So that’s the X Factor final sorted – Danyl Johnson has gone, leaving Olly, Joe and Stacey to duke it out next week.
But, hey, at least Danyl Johnson left X Factor on Michael Jackson night. Why Michael Jackson night? Well, our guess is that Simon Cowell recently watched 2012 and realised that if he could get enough singers to spin in their graves, he’d form a kind of elaborate gyroscope effect and stop the Earth’s poles from shifting like they did in the film. He does love the environment, that Simon Cowell.
But anyway, what you’re after is an X Factor recap. Here you go, then…

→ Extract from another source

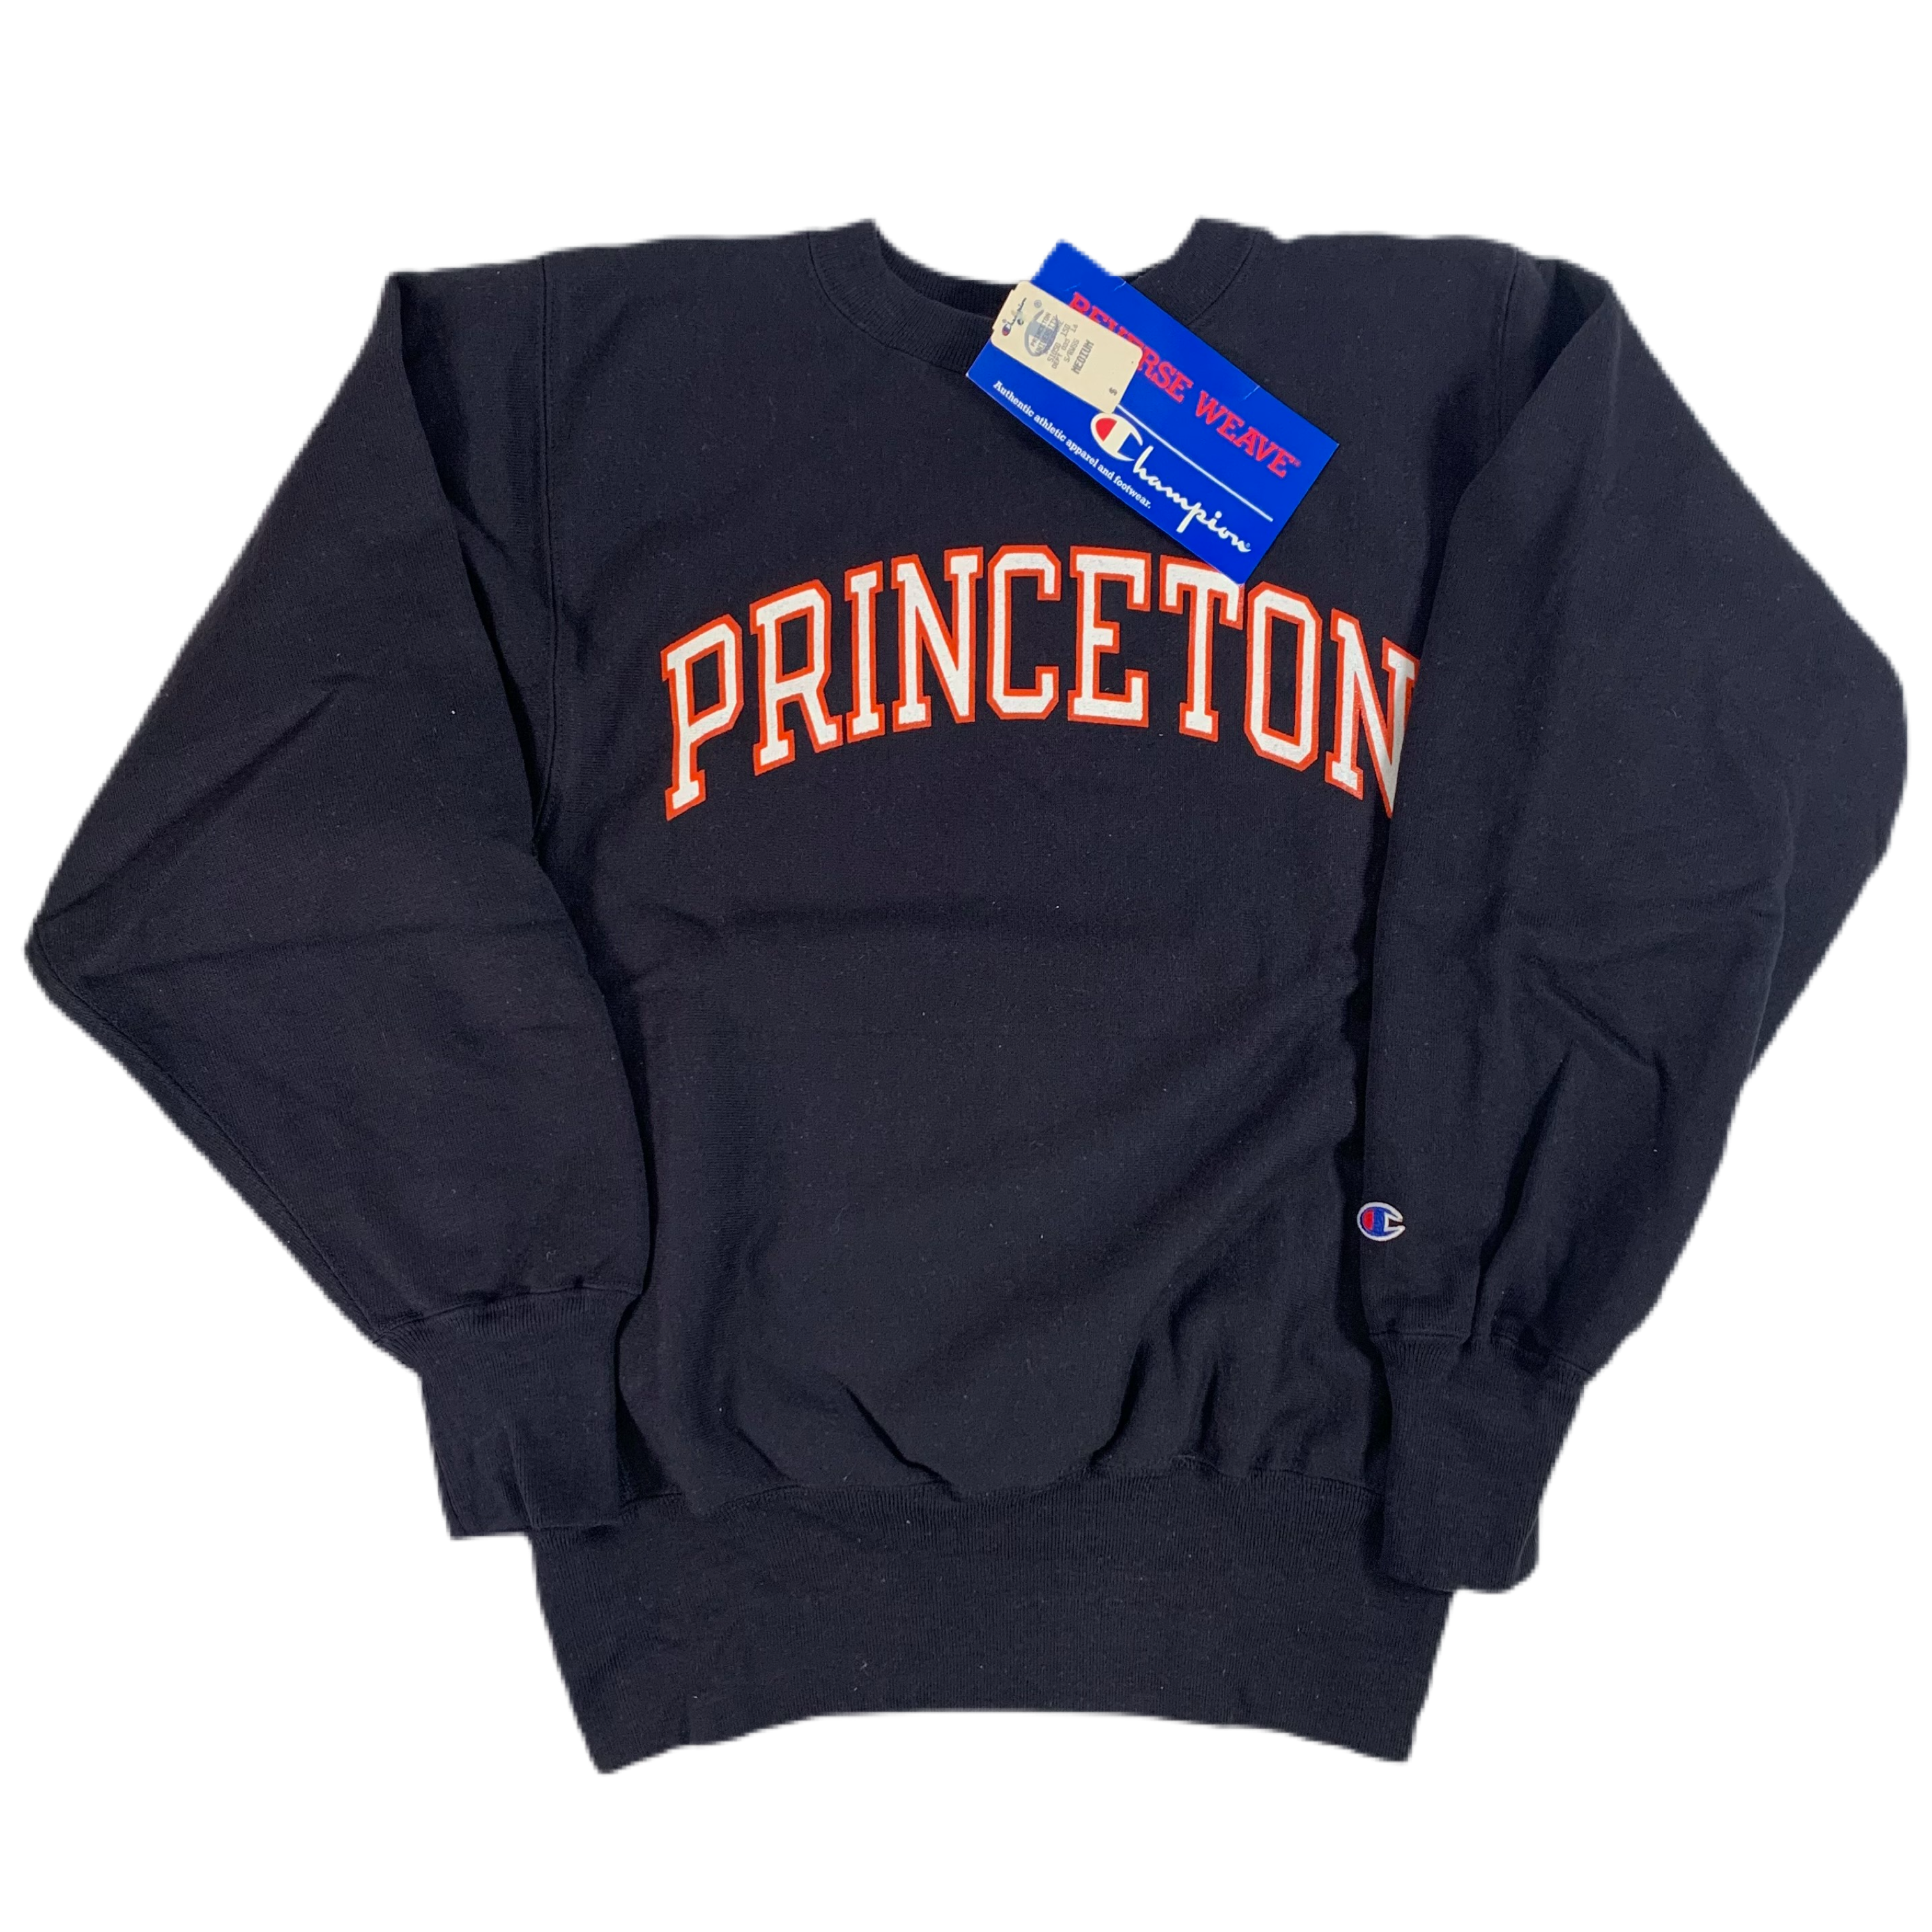 Vintage Princeton Champion

Olly Murs – Perhaps Olly is one of those performers who you need to see live to appreciate. That’d certainly make sense – the X Factor audience chants his name every week, but on TV he just looks like a baby deer skidding around in a pile of dogmuck. Neither of his performances on Saturday’s X Factor were really much cop – he started with an underwhelming wedding reception version of Can You Feel It that was studded with weird cries of “Huh!” and “Hah!” and “Hey!” and “Hwaugh!” as if he was trying to dislodge a troublesome pube from his throat. Then came his version of Stevie Wonder‘s version of We Can Work It Out by The Beatles. In retrospect, that was a completely inevitable choice – not only did it give Olly the chance to indulge in more of his sub-Jamiroquai yelping, but it also had a nice instrumental bit in the middle that allowed him to jerk around like he’d just been infected with the weaponised nerve pathogen that almost did Jack Bauer in at the end of the last season of 24. Plus, it looks like Olly’s starting to model his hair on Simon Cowell. That alone should be reason enough to dislike him.

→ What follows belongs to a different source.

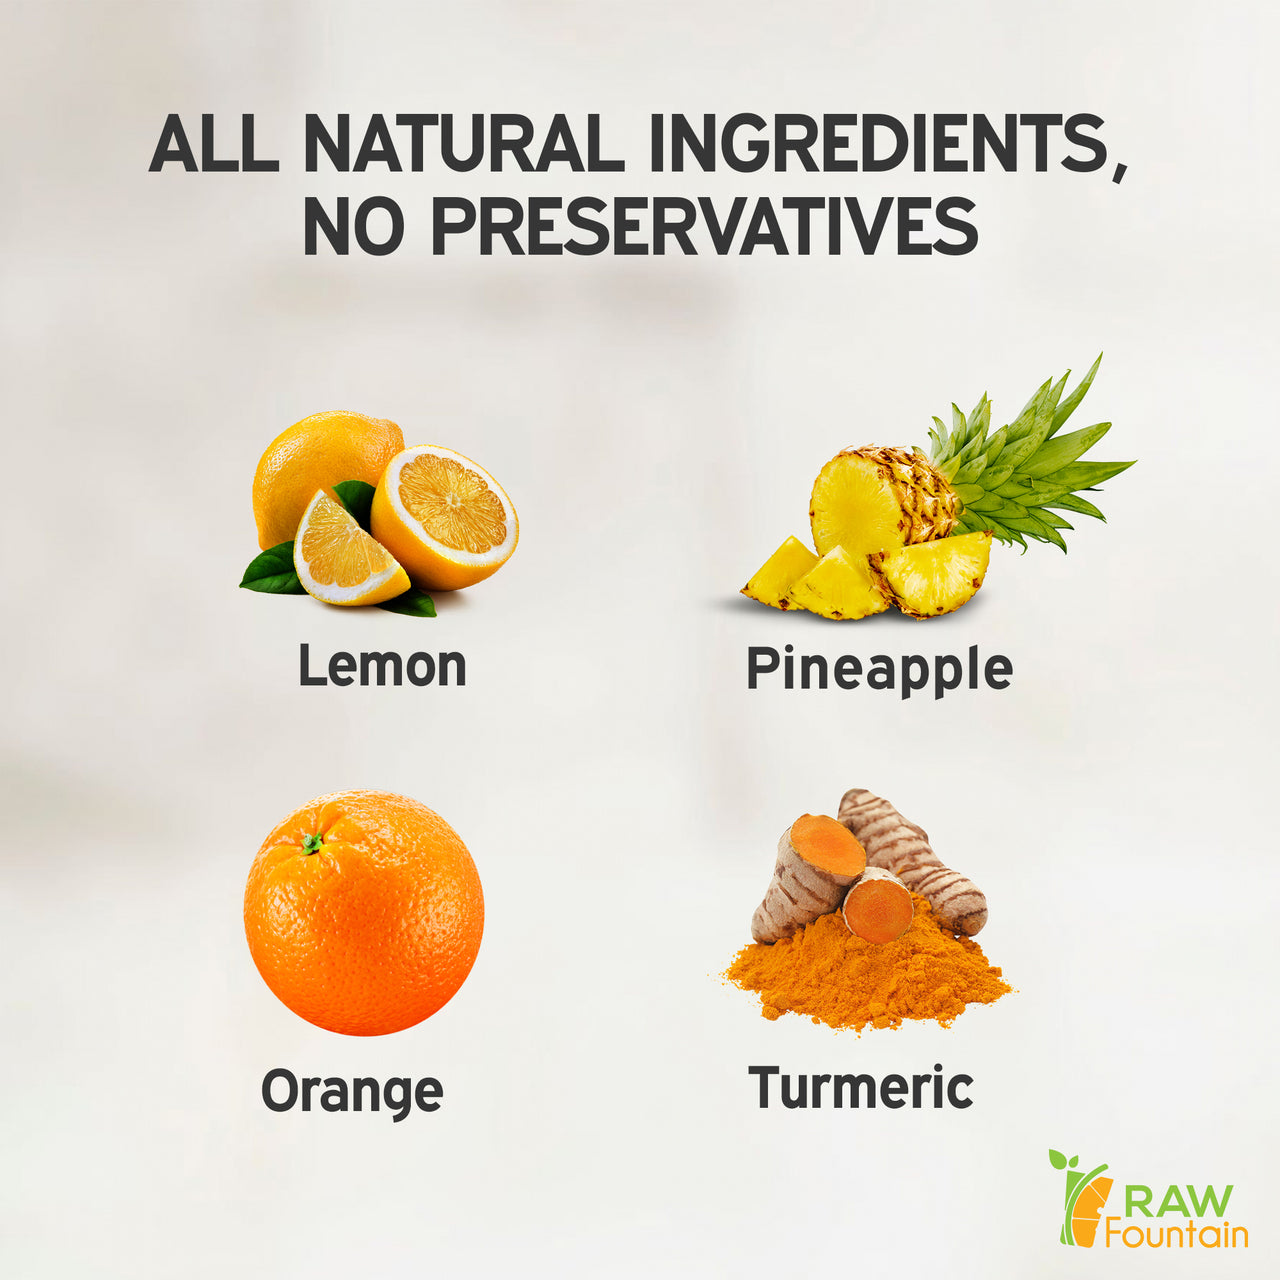 20 Immunity Shots w/ Turmeric, Lemon, Orange, Pineapple 2fl Oz, Raw and Cold Pressed

Joe McElderry – Toothy Joe is probably the favourite to win X Factor at this point. Which would be good if X Factor was a competition to find a new understudy for a touring version of Godspell, but it isn’t. It’s a competition to find a popstar, which Joe most assuredly isn’t. Popstars sing songs that make girls scream with unbridled lust – Joe, on the other hand, sings songs that might make some housewives buy a copy of his album in Asda so long as they didn’t have to go out of their way to get it. Joe’s first X Factor song was She’s Out Of My Life, in which Joe either emoted harder than he’d ever emoted before, or was stricken by a sudden pang of extreme constipation. It’s hard to tell which. Toothy Joe then followed it up with another drippy musical-style ballad, possibly called Open Arms, that was as sickly sweet as it was utterly tedious. But it doesn’t matter, because Joe’s probably going to win X Factor next week. And that’s good, because this country desperately needs another Daniel O’Donnell, doesn’t it?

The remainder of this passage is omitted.